M. Umer Chapra, salah satu ekonom Muslim paling berpengaruh abad ke-20, menegaskan bahwa krisis ekonomi kontemporer pada dasarnya adalah krisis moral yang tidak dapat diselesaikan tanpa kembali pada kerangka nilai transenden. [5]

Secara instrumental, ekonomi syariah melarang riba (bunga) dan gharar (ketidakpastian berlebihan), serta mendorong skema bagi hasil seperti mudharabah dan musyarakah — kerangka yang dirumuskan secara sistematis oleh M.N. Siddiqi. [7]

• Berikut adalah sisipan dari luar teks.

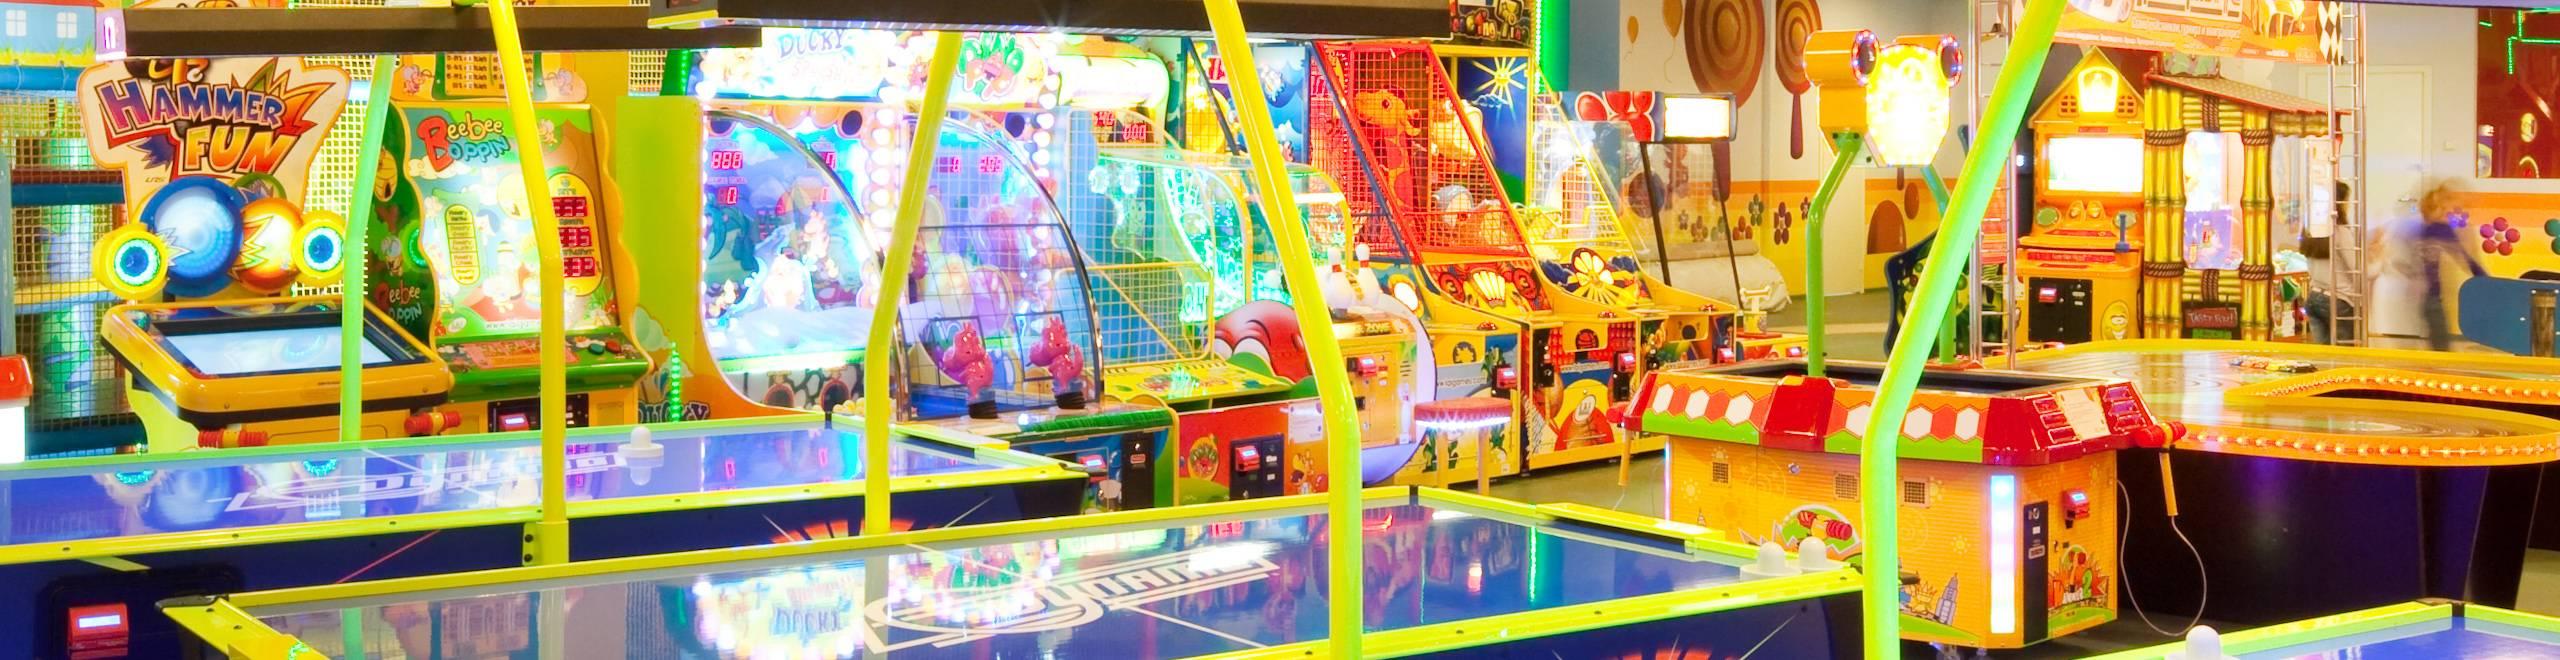 Игровые аппараты м.люблино игровые автоматы мери крисмас

Di Indonesia, teonomi ekonomi Islam terwujud paling nyata dalam instrumen zakat dan wakaf. Potensi zakat nasional diperkirakan mencapai lebih dari Rp327 triliun per tahun, namun realisasi pengumpulannya baru sekitar Rp32 triliun — kesenjangan yang menunjukkan besarnya ruang optimalisasi filantropi Islam sebagai jaring pengaman sosial.

Potensi zakat nasional diperkirakan mencapai lebih dari Rp327 triliun per tahun, dengan realisasi pengumpulan baru sekitar Rp32 triliun; sementara potensi aset wakaf ditaksir melebihi Rp2.000 triliun, dan wakaf uang berpotensi mencapai Rp181 triliun. [17]

Otoritas Jasa Keuangan mencatat total aset keuangan syariah nasional mencapai Rp3.050 triliun pada 2025, tumbuh 11,3% secara tahunan, mencakup perbankan syariah, pasar modal syariah, dan industri keuangan nonbank syariah. [18]

Dalam State of the Global Islamic Economy Report 2024/2025, Indonesia mempertahankan peringkat ketiga dunia dengan skor Global Islamic Economy Indicator 99,9, di bawah Malaysia dan Arab Saudi, dengan capaian tertinggi dunia pada investasi halal. [21]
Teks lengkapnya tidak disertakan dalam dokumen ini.